5. The method for detecting an aerial photographing target based on asymmetric implicit field and continuous decoding according to claim 4, wherein the specific process of parallel mapping output predicted values in step S4 is as follows: for the first Querying the coordinates, encoding the position into a function Fusing feature vectors with high dimensions Performing splicing operation on channel dimension to generate joint input tensor ; Will combine the input tensors Sending the deep hidden state vector into an implicit coordinate decoder formed by stacking 3 layers of all connection layers, and outputting the deep hidden state vector after LayerNorm normalization and nonlinear mapping of a ReLU activation function ; Deep hidden state vector Input to two parallel single-layer fully-connected branch networks, classification prediction branch output dimension is Class logic value vector of (a) Wherein The total number of the categories of the aerial photographing targets is set, and the branch output of the regression prediction of the boundary frame is set with the current floating point query coordinates For the target center, the relative width predicted value of the corresponding continuous boundary box under the whole graph proportion And relative altitude predictions 。
6. The method for detecting an aerial photographing target based on asymmetric implicit field and continuous decoding according to claim 5, wherein the specific process of calculating the total loss of the complex in step S5 is as follows: Construction of the Total loss function The calculation formula is as follows: Wherein, the The weight coefficient is lost for classification; The regression loss weight coefficient; to classify focus loss; Regression loss for bounding boxes; Classification of focus loss The calculation formula is as follows: Wherein, the Query the total number of points for positive samples; The total number of query points generated for a single training; The total number of categories of the aerial photography targets; a true tag binary indicator; Class logic value vector output for classifying branches Predictive probability values mapped by Sigmoid activation functions; Is a positive and negative sample balance factor; Parameters are adjusted for difficult samples; boundary box regression loss The calculation formula is as follows: Wherein, the Querying a set of point indexes for all positive samples; And The relative width and height label values of the corresponding real target boundary box; As a result of the relative width prediction value, Is a relative altitude predictor; as a function of the smoothed absolute error.
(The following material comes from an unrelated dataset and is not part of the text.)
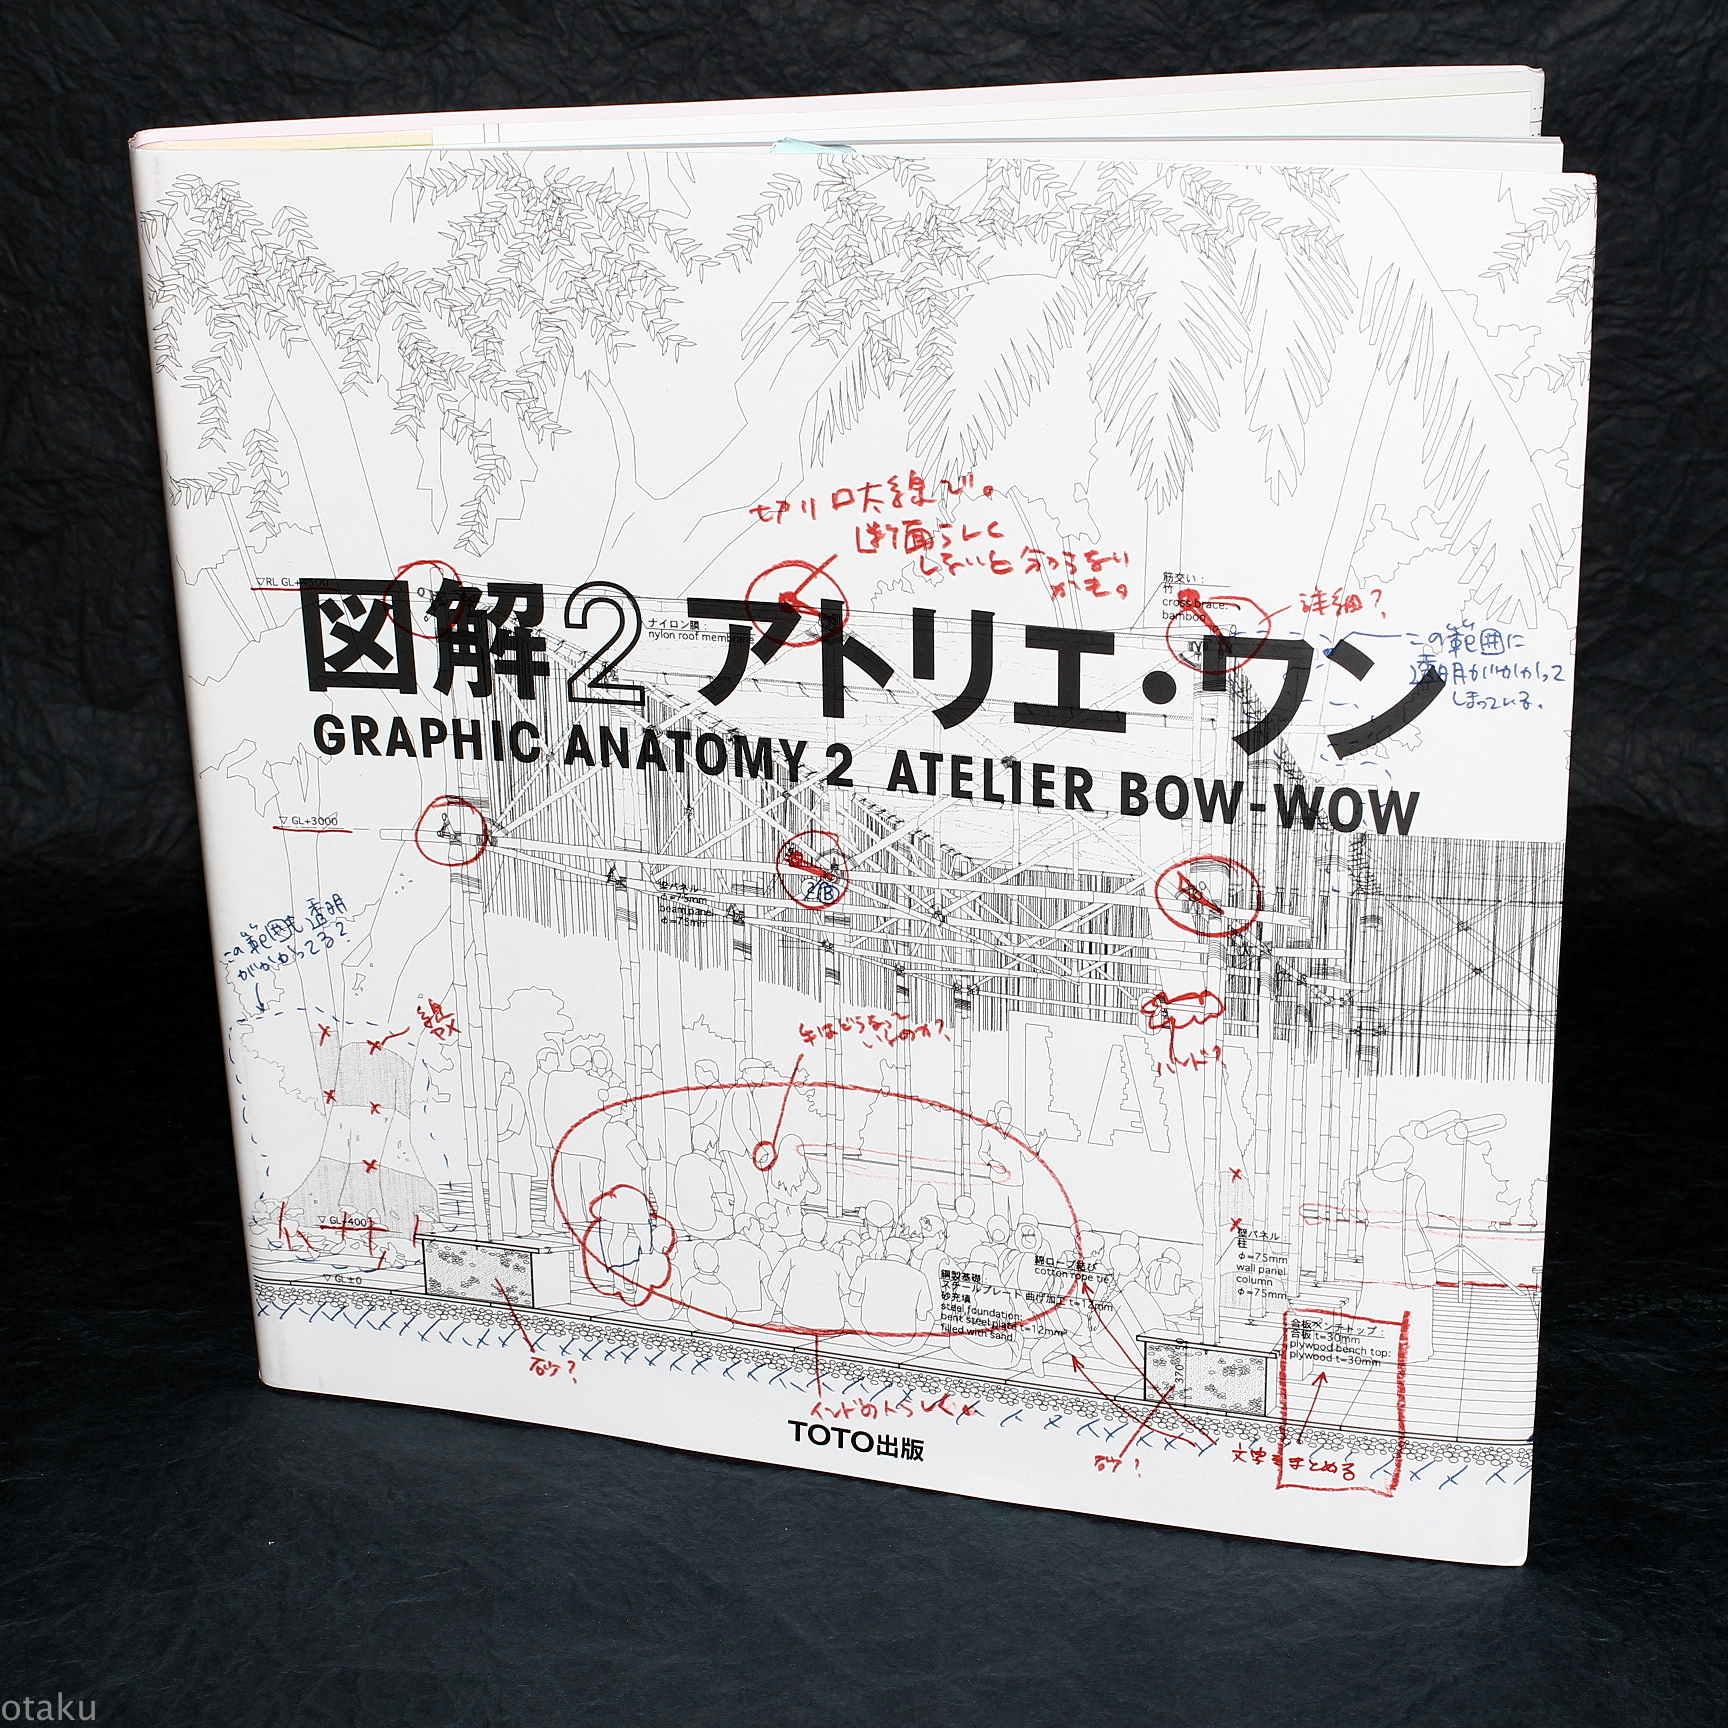 Graphic Anatomy 2 - Atelier Bow-Wow - Architecture Book   otaku.com

7. The method for detecting an aerial photographing target based on asymmetric implicit field and continuous decoding according to claim 6, wherein the specific process of outputting a continuous single target bounding box in step S6 is as follows: receiving real-time single-frame aerial image, inputting the real-time single-frame aerial image into a trained backbone network, extracting and caching fixed shallow feature tensor Tensor of middle layer characteristics Deep layer characteristic tensor ; Directly at In the normalized two-dimensional coordinate system of (2), 0.02 is taken as a fixed step length, a floating point coordinate grid matrix containing 10000 fixed continuous coordinate points is generated, and an inference query point set is formed ; Query the point set by reasoning The method comprises the steps of obtaining high-frequency characteristics by using a batch parallel input position coding module, then flowing into an asymmetric cross-scale implicit characteristic field construction module to perform dynamic sampling and weighted fusion, obtaining a fusion result, inputting the fusion result into an implicit coordinate decoder, and calculating class probability predicted values and wide-high predicted values corresponding to all fixed continuous coordinate points in parallel; Traversing the category probability prediction value distribution of all the fixed continuous coordinate points, discarding background points with the maximum probability value lower than a preset confidence threshold value of 0.45, and regarding the reserved target center candidate points Combining the corresponding relative width predicted values And relative altitude prediction value And restoring four absolute coordinate angular points of the continuous boundary frame of the target, removing the redundant prediction frame by adopting a non-maximum suppression algorithm with the cross ratio threshold set to be 0.5, and outputting single category names and continuous coordinate boundary frame data.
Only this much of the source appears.